Post Decapod 0.4 examination and notes

0.4 functionality

  • Independent left-right (or L-R) remote capture from a set of supported cameras
  • L-R page ordering and rotation correction
  • L-R image stitching and binarization (same process?)
  • thumbnail generation
  • single image delete and reorder
  • output to type 1 image PDF

Testing genpdf

Using Aug 2, 2011 tip functionality

Observations:

  • automatic deskew correction if conditions are right
    • not sure what conditions need to exist for deskew to occur
    • does not happen with images -> possibly related to detected page geometry?
  • type 2 and 3 pdf generation functional. Quality of detected text not completely accurate (this is expected?).
  • binary version stored in Book Store
  • given a set of images that are handwritten with some colour (example), Type 2 PDF comes out greyscale with no selectable text (example).
  • given a set of images that are strictly colour images produce a Type 1 PDF:
    • decapod-genpdfEXP.py produces an empty PDF.
    • decapod-genpdf.py produces a greyscale PDF .
  • content of output PDFs are fit to A4 by default.
  • For type 3 PDF, genpdf automatically reverts to type 2 if character segmentation fails.
  • For type 1 PDF, binary and paragraph map generation, and line segmentation are always performed.
    • Consequence is that images with no detectable text are subjected to long processing.
  • Some PDF metadata generated - i.e. PDF author is "DECAPOD GenPDF", Producer is "ReportLab http://www.reportlab.com"

Future Improvements & Questions

  • Colour output option: binary, greyscale, and colour.
  • Straight Image PDF generation option (no segmentation requested).
    • Option to disable page & text segmentation.
  • PDF metadata options (user can specify their own metadata).
  • Ability to disable auto-deskew (so auto-deskew can happen earlier in the pipeline and not have to attempt deskew twice).
  • Does upgrading from Ocropus 0.4.4 improve text results?

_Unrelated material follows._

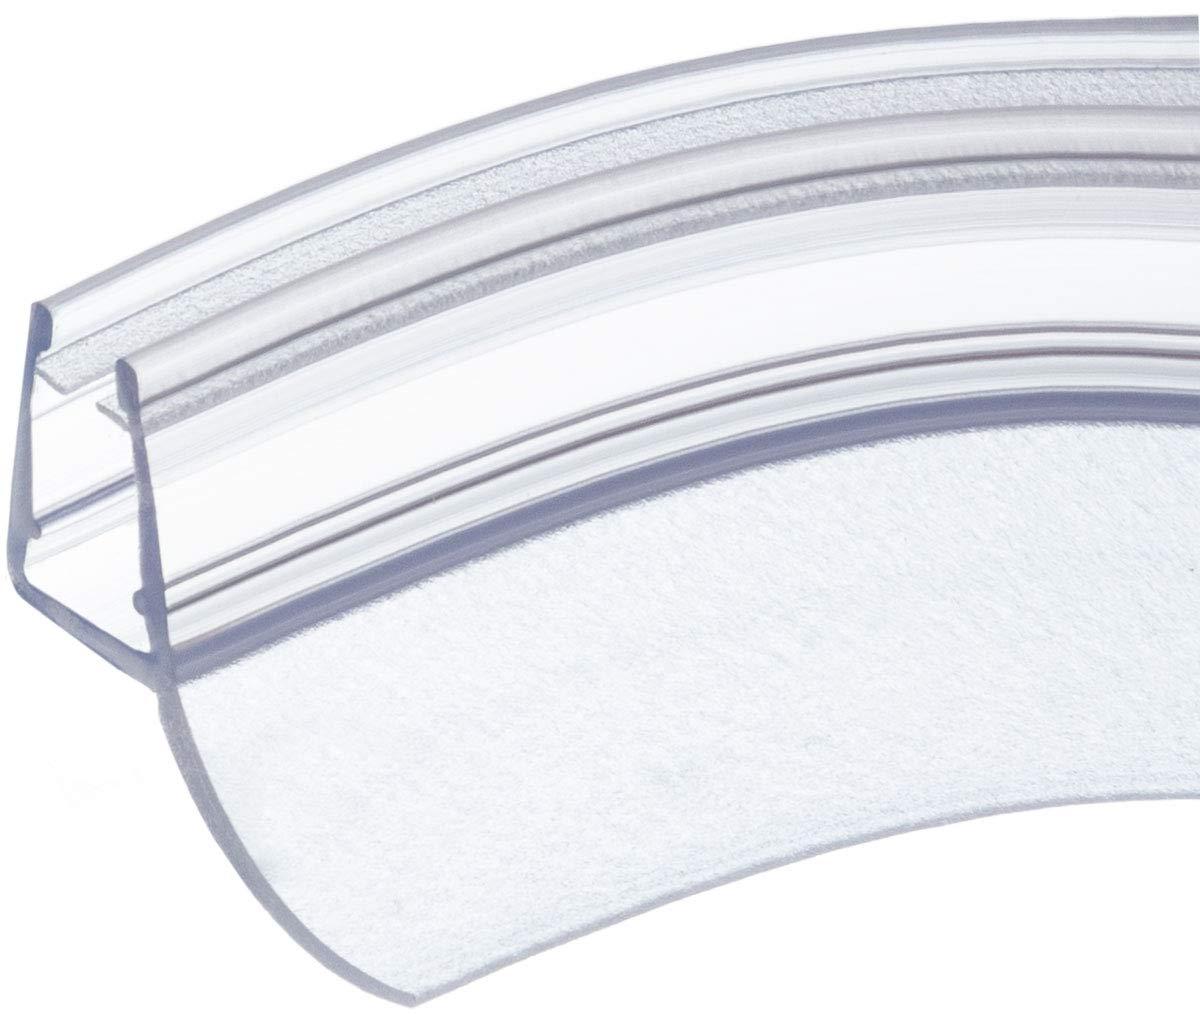 pour verre /épaisseur 5mm// 6mm// 7mm// 8mm pour quadrant douche arqu/é 90cm UK12 Joint d/étanch/éit/é de remplacement pour douche circulaire//ronde

What work will we need to do to support a newer version of ocropus?
  • Is there a fail-quick method of detecting text on a page?

Example Test: Type 2 PDF Test - "Computer Generated 600DPI document"

  • Running: Tip version of Decapod with Ocropus 0.4.4
  • Command run: decapod-genpdfEXP.py
  • using first 10 images of the Nuforc computer generated document.
  • Generated PDF
  • Virtual machine spec: Intel 2.8GHz quad-core, 2GB RAM
  • PDF Generation took 10s.
  • Whole process took 372s.

Example Test: Type 3 PDF Test - "Computer Generated 600DPI document"

  • Running: Tip version of Decapod with Ocropus 0.4.4
  • Command run: decapod-genpdfEXP.py
  • using first 10 images of the Nuforc computer generated document.
  • Generated PDF
  • Virtual machine spec: Intel 2.8GHz quad-core, 2GB RAM
  • PDF Generation took 25s.
  • Whole process took 1097s.

Still to do

More testing of:

  • text detection / recognitionFont generation (type 3 PDF)
  • type 2 generation
  • determining the ideal quality of input image to get best results from genpdf.
  • changing character model may improve results?

General workflow

  1. Acquire images: remote capture, or file import.
  2. Page management and QA
  3. Output files

1. Acquire images

Remote Capture

  • 3 modes of remote capture: structured light, stereo, and L-R.
  • Each mode has its own calibration scheme.
  • Each 3D capture mode has its own dewarp scheme.

Import from file system

  • Reasonable assumptions?
    • Files numbered in sequence.
  • Questions
    • What if images are different resolutions? Unpredictable segmentation results.
    • What if pages are inconsistent sizes? Unpredictable segmentation results.
    • What if images contain a mix of page spreads and single pages? Okay if resolution and page sizes are consistent.

2. Page Management

  • During page management, present thumbnails and images as it would be on output to file.

Image with text case:

  • automatically deskew image
  • automatically binarize image? display images/thumbnails in binary? or we keep it colour and save any colour processing as part of an export "preview"?

Image with no recognizable text case:

  • manual deskew correction for image

Global functions

  • automatically 3D dewarp pages if necessary
  • Crop image(s)
  • Delete image(s)
  • Reorder image(s)

3. Output Files

  • choose colour depth of output: binary or colour (original)
  • choose pdf format: image, overlaid, or scalable.
  • Any way to fail quickly at page segementation? - this way Decapod can switch to image PDF output if it doesn't detect text.